An all-hands meeting once a year? That won’t cut it.

A one-way newsletter or company-wide email isn’t enough.

And a flying visit to each office for a meeting behind closed doors isn’t making a connection – and neither is the Braveheart speech full of rhetoric at a company event that doesn’t give the workforce a voice.

If you want to give your people the direct, real, and human connection they want to have with their CEO, you need a channel where everyone has a voice.

That’s exactly what enterprise social networks, like Workplace by Facebook, are doing for companies all over the world.

There’s a new breed of social CEOs who are using their companies’ internal networks to become more visible.

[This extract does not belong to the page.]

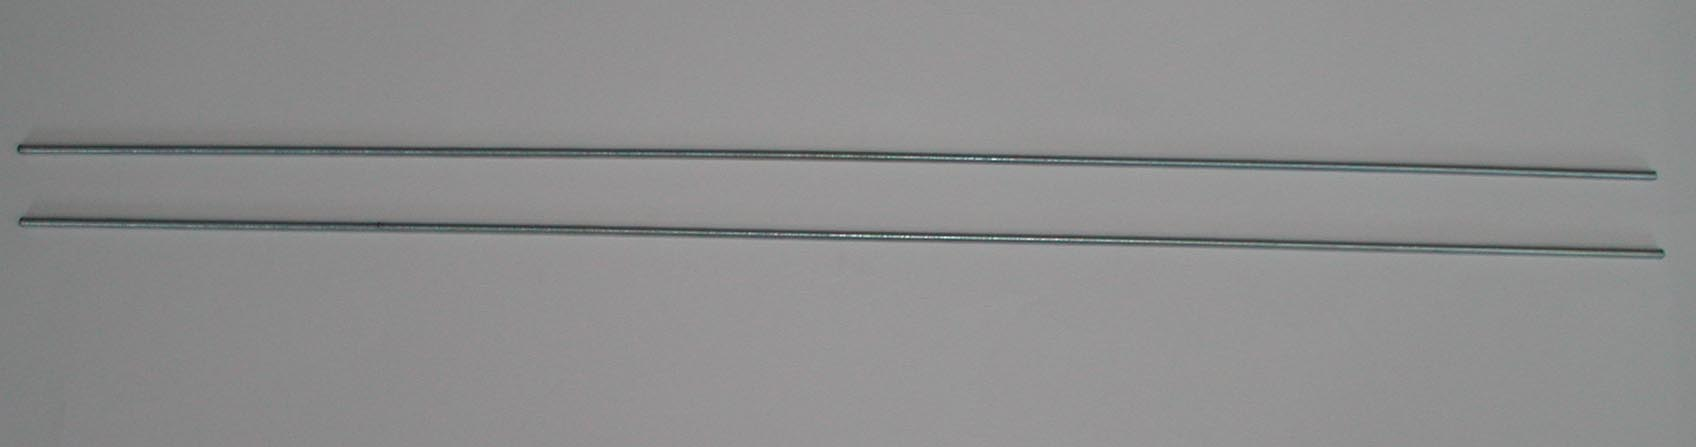 Indsæt en stål split ind i hullet markeret i fig. 17 og hammer 50% splittens længde i hullet (fig. 18-19).

They’re using them to be more approachable.

They’re commending good work when they see it, they’re sharing the company’s news as it happens, and they’re responding to the worries and concerns of their employees in real-time.

But more importantly, there’s also a new breed of workforce using these networks in exactly the same way.

They’re putting their opinions and suggestions right in front of the people leading them.

They’re getting a response straight from the CEO, and they’re able to respond right back.

Feedback flowing both ways.

When you give your employees a voice, the whole company becomes more engaged – and the business thrives because of it.

Because being a leader isn’t about your height in the hierarchy:

It’s about being truly visible and engaged with what’s going on.

It’s about guiding and inspiring people to help everyone reach the same goal.